* **What to do**
Your response to the data below should hold nothing except the lines from the one containing "School 2015 優惠來了!平$1500加送Beats耳機" down to the one containing "两居室简约风格客厅_润泽公馆装修效果图-x团装修网", reproduced exactly and without pictures.

* **Dataset records**

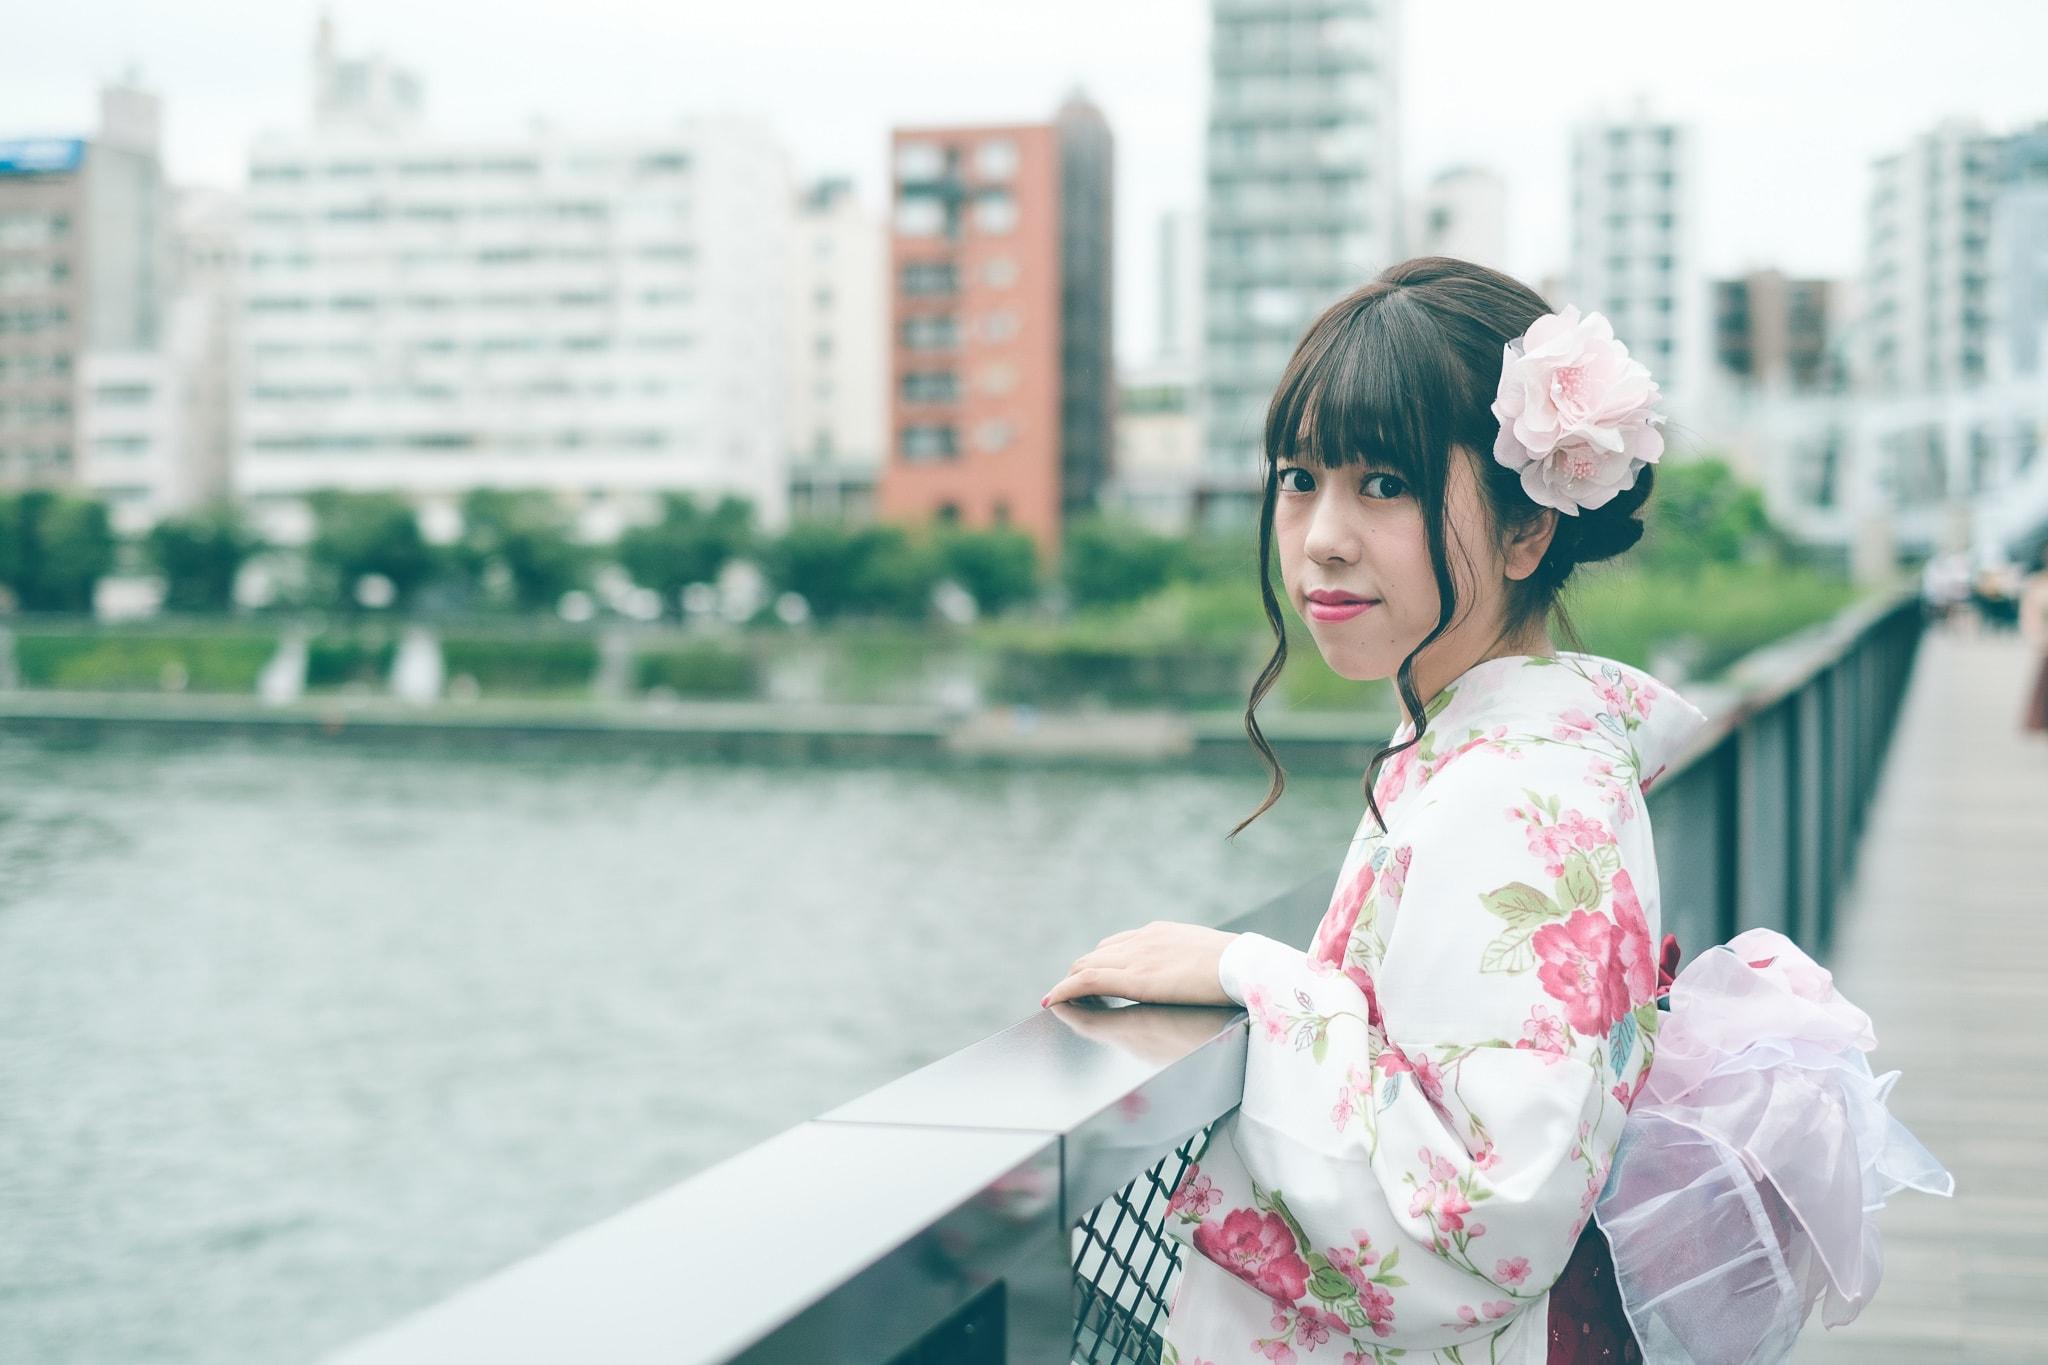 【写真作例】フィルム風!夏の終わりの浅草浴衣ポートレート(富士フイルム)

* * *

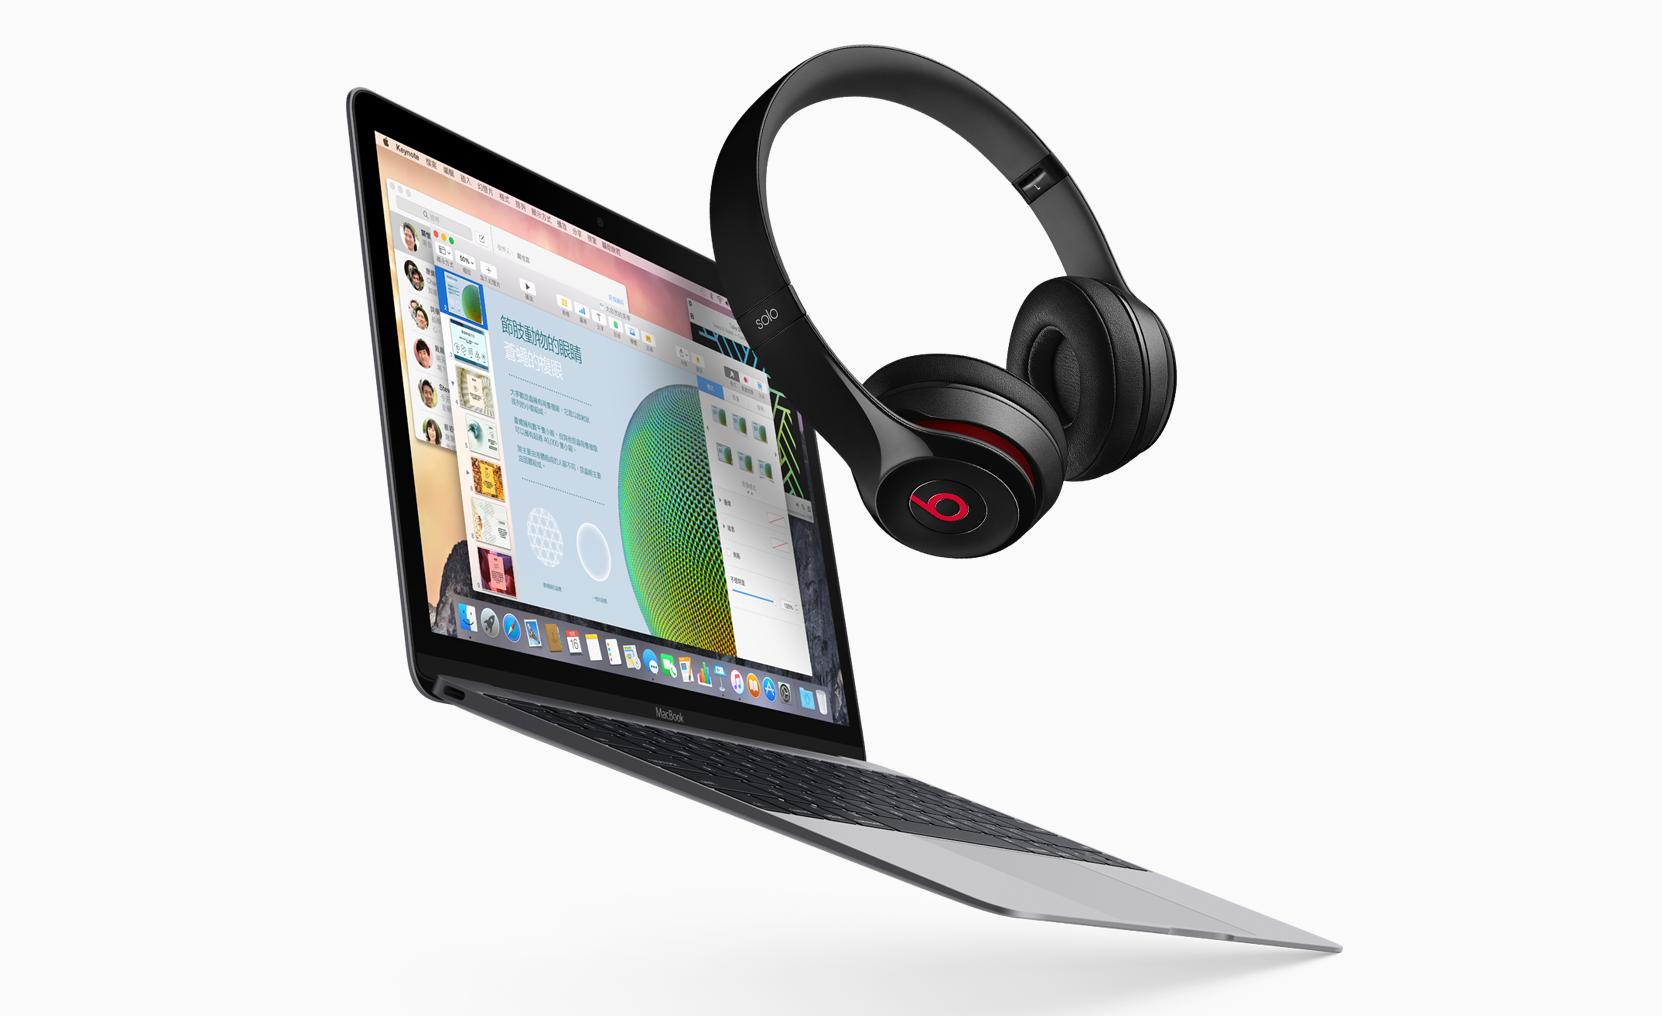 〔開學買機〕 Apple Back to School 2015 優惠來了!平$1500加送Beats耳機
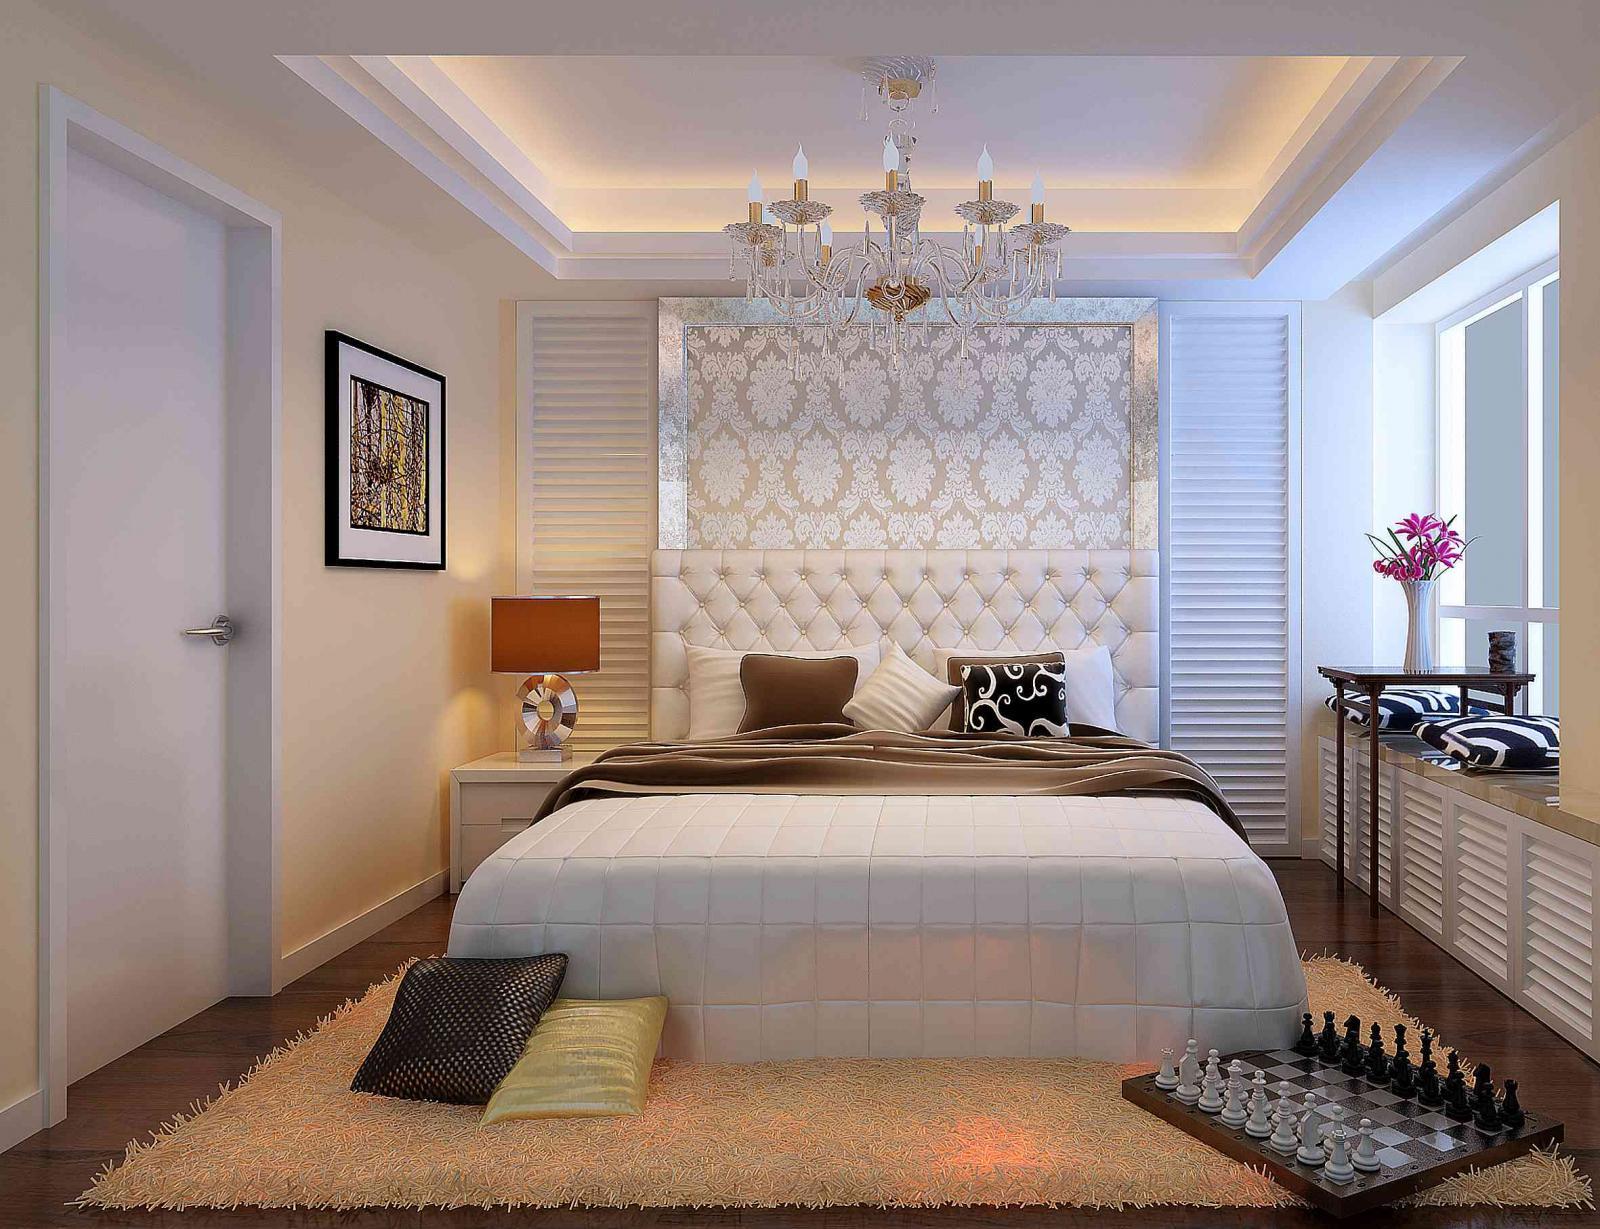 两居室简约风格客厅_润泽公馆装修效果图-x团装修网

* * *

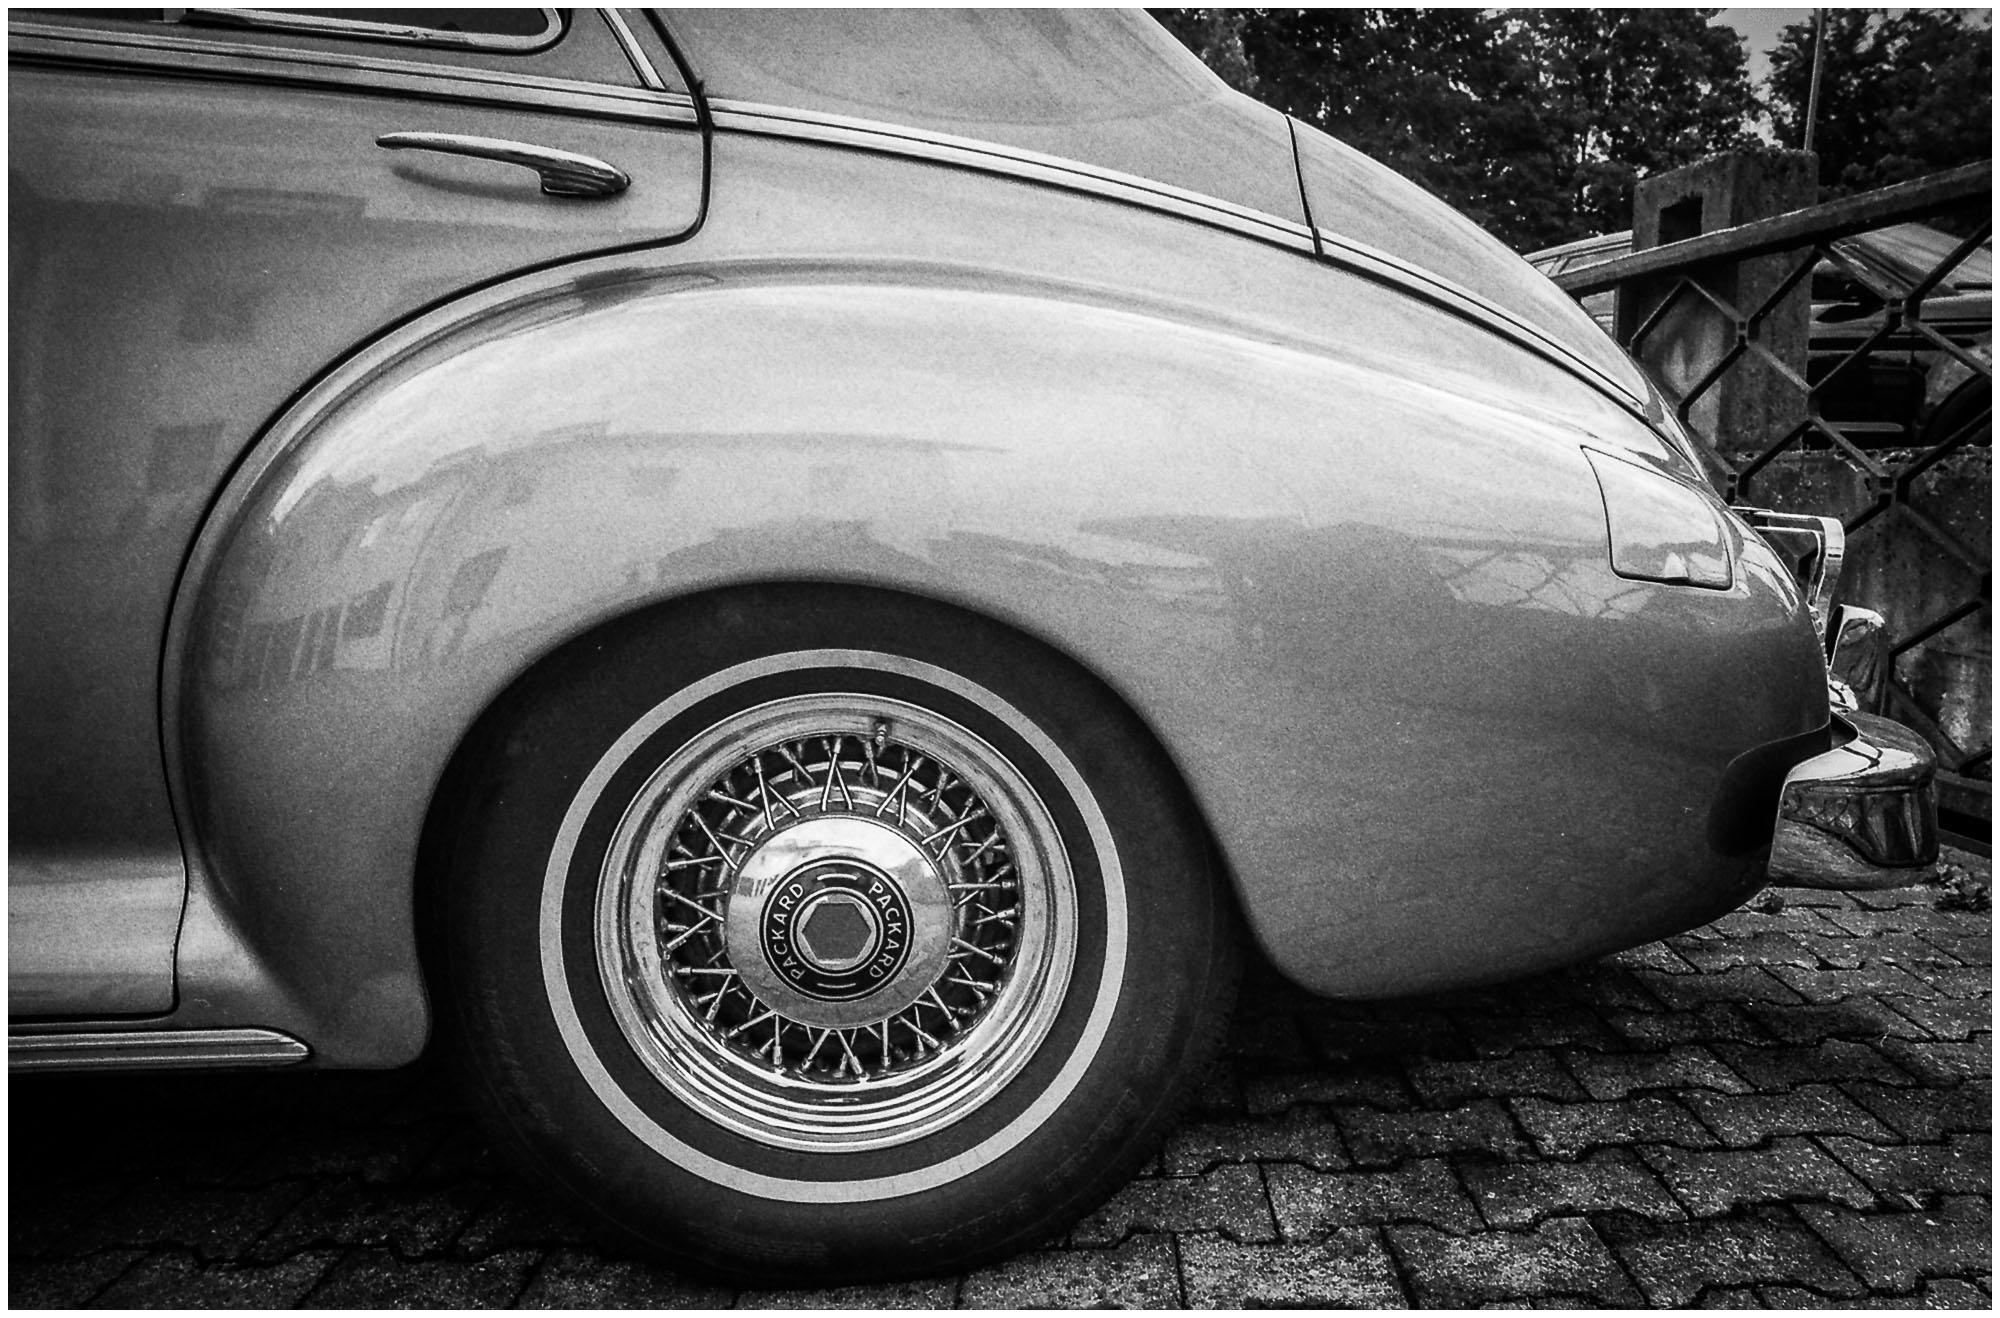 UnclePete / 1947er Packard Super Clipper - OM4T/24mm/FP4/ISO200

* **Written reply**
 〔開學買機〕 Apple Back to School 2015 優惠來了!平$1500加送Beats耳機
 两居室简约风格客厅_润泽公馆装修效果图-x团装修网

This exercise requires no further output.